Counts VI and XIV also contained references to the state civil rights acts, G.L, c. 12, §11H and 1II. Plaintiff agreed that the civil rights claims in Counts VI and XIV should be dismissed.

The Patterson decision did not make the proposed state statute useless or unnecessary. As drafted, the Equal Rights Act included sex, color, creed and national origin as protected categories, whereas § 1981 had addressed only racial discrimination.

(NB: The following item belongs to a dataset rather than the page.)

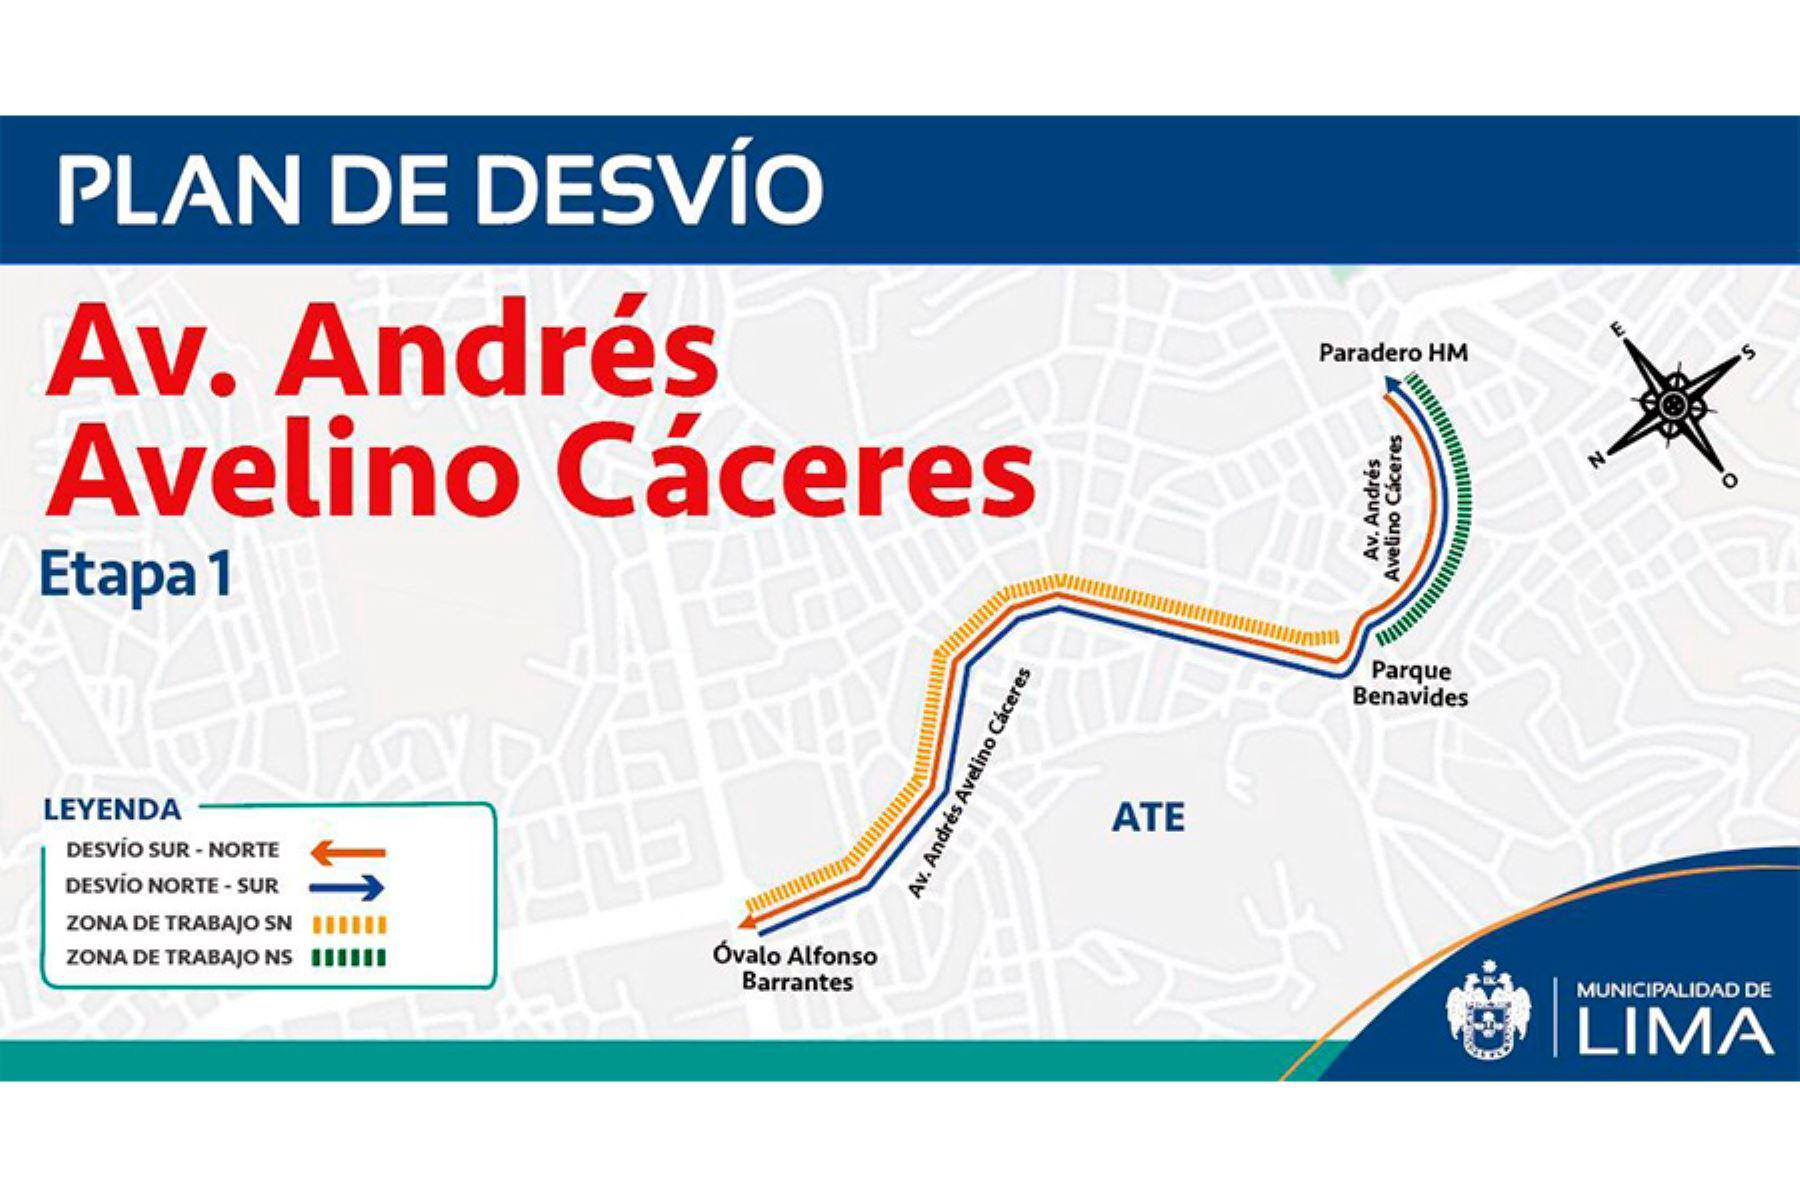 Obra de 1.10 kilómetros de extensión demandará una inversión de S/7.3 millones y beneficiará a más de 22 mil vecinos de Lima este.

Because the “Equal Rights” bill received quick approval by both houses of the Massachusetts legislature, there is no “official” legislative history (i.e., no floor debate regarding the language and purpose of the statute) to guide this court’s interpretation of the statute’s language. Stephen Johnson, former legislative counsel for the Boston Bar Association, served on the BBA’s seven-member committee assembled to draft and promote legislation in anticipation of the Patterson decision. Johnson’s Boston Bar Journal article, supra, summarizes the events surrounding the drafting and proposal of the Equal Rights Act, up to its speedy enactment on July 19, 1989. As Johnson’s article explains, many civil rights lawyers and legal scholars involved in drafting the Equal Rights Act and getting it through the legislature expressed their hope and expectation that the Act would be interpreted to provide new and expansive remedies. (In many other respects, the Equal Rights Act does contain express provisions that go beyond then existing federal civil rights and equal rights law.) However, that commentary from outside proponents of the bill is not “legislative history” and is of extremely limited value in determining the legislature’s intent, particularly in the face of the legislature’s failure to adopt more expansive terminology following the Patterson definition of “make and enforce contracts.” As such, this court is not persuaded that the “legislative history” of the Equal Rights Act compels an interpretation contraiy to the federal interpretation of identical language in 42 U.S.C. §1981.